Key findings from the Report Card
Mental health: In most countries, fewer than four in five children report being satisfied with their lives. Turkey has the lowest rate of life satisfaction at 53 per cent, followed by Japan and the United Kingdom. The Netherlands, Mexico and Romania have the highest rates of life satisfaction. Children who have less supportive families and those who are bullied have significantly poorer mental health.
Lithuania has the highest rate of adolescent suicide – a leading cause of death among 10-19-year old children in rich countries – followed by New Zealand and Estonia.
Physical health: Obesity and overweight rates among children have increased in recent years. Around 1 in 3 children across all countries are either obese or overweight, with rates in Southern Europe also sharply increasing. The United States has the highest obesity rates at 42 per cent, followed by New Zealand and Greece at 39 per cent and 37 per cent respectively.

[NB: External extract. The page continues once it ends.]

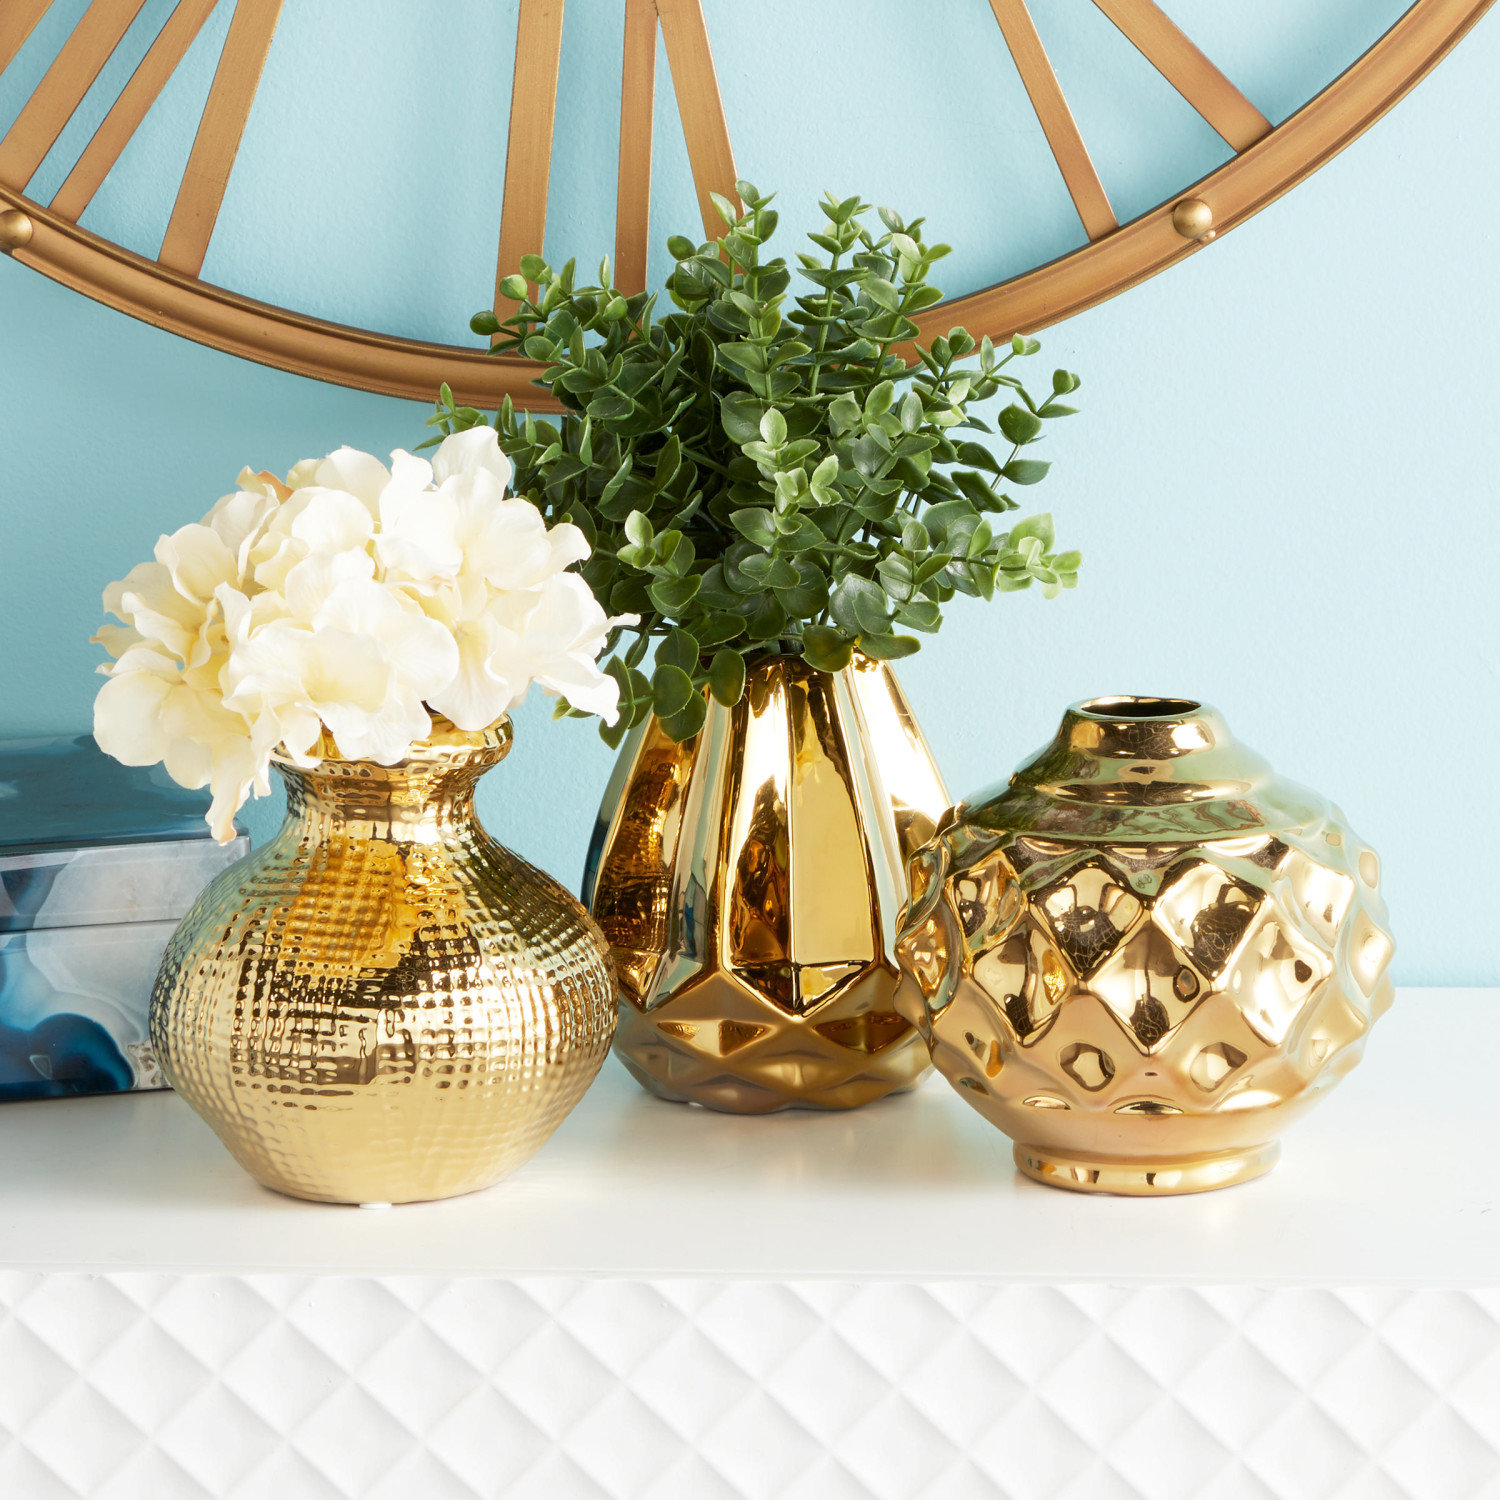 Talianna Oro Vase, White & Gold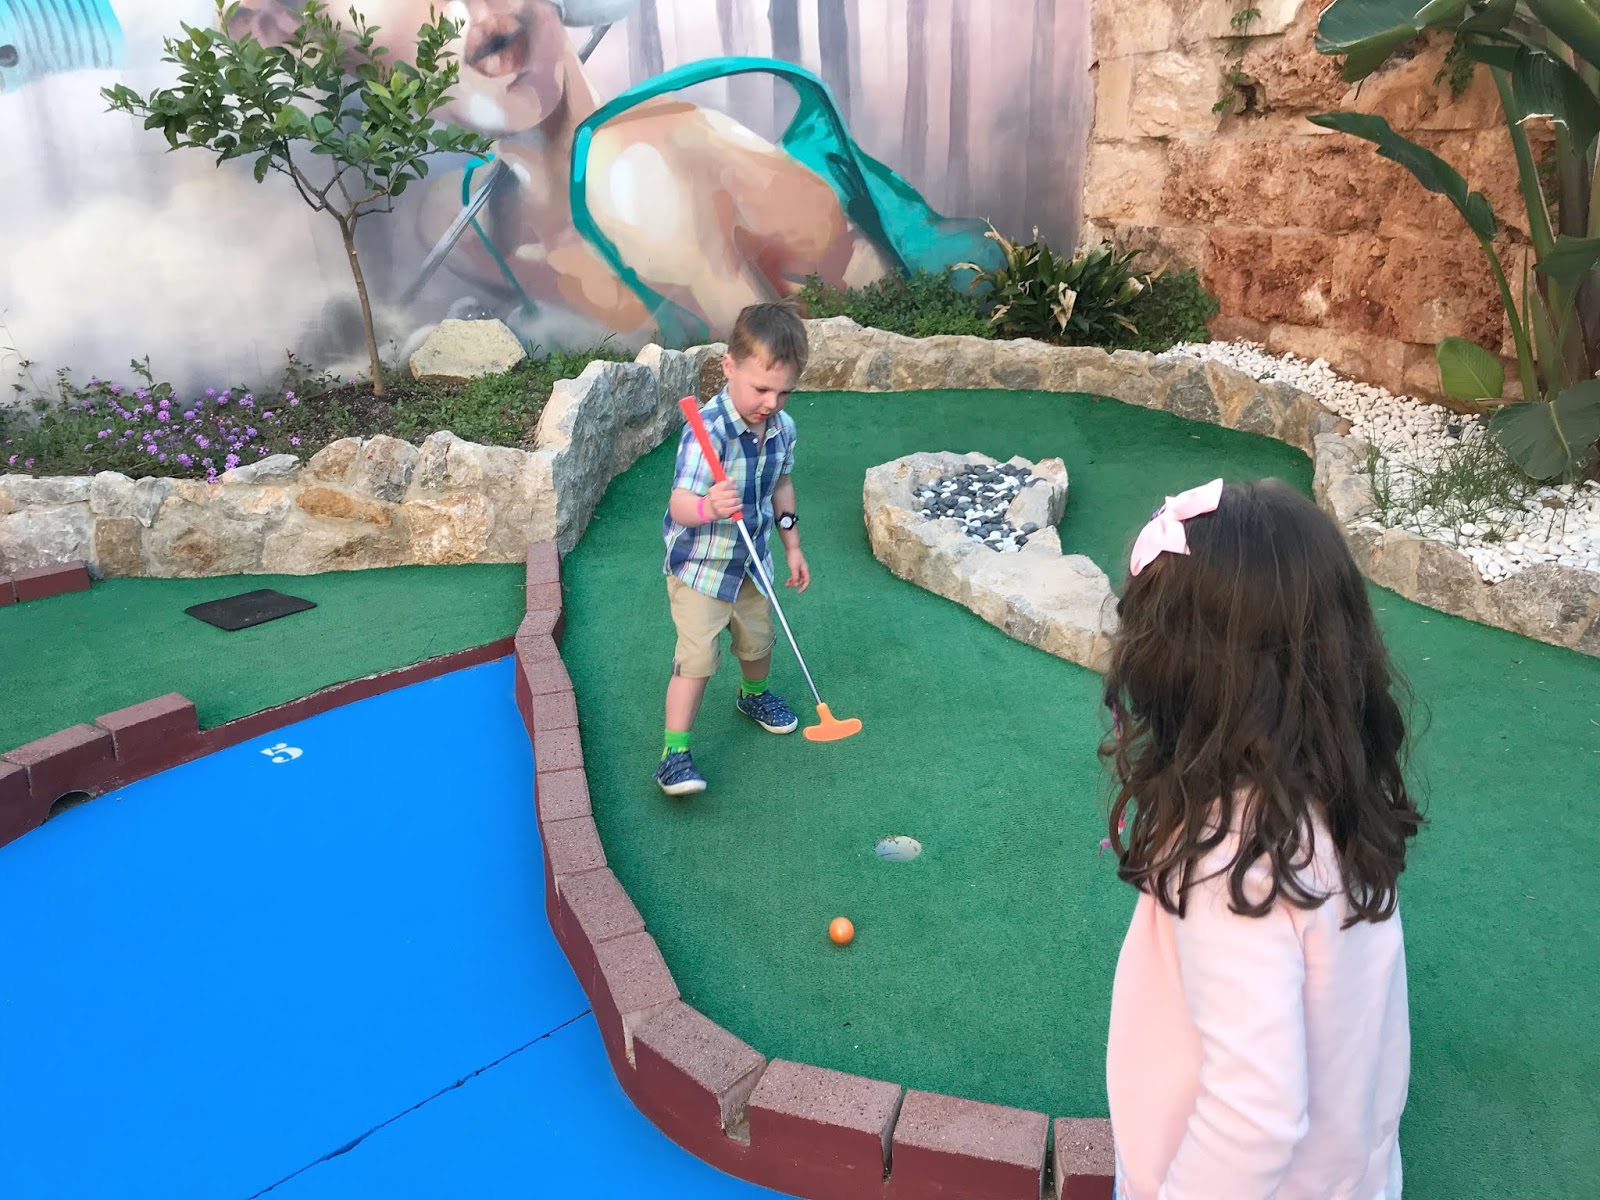 lærer økse klasselærer Things To Do In Santa Ponsa Majorca With Children | Newcastle Family Life

Skills: On average 40 per cent of children across all OECD and EU countries do not have basic reading and mathematics skills by age 15. Children in Bulgaria, Romania and Chile are the least proficient in these skills. Estonia, Ireland and Finland the most proficient. In most countries, at least 1 in 5 children lack confidence in their social skills to make new friends. Children in Chile, Japan and Iceland are the least confident in this area.
The report also ranks countries based on their policies that support child well-being and other factors including the economy, society and environment. Norway, Iceland and Finland have the highest-ranking policies and context to support child well-being. Turkey, Mexico and Greece have the worst. On average, countries spend less than 3 per cent of their GDP on family and child policies.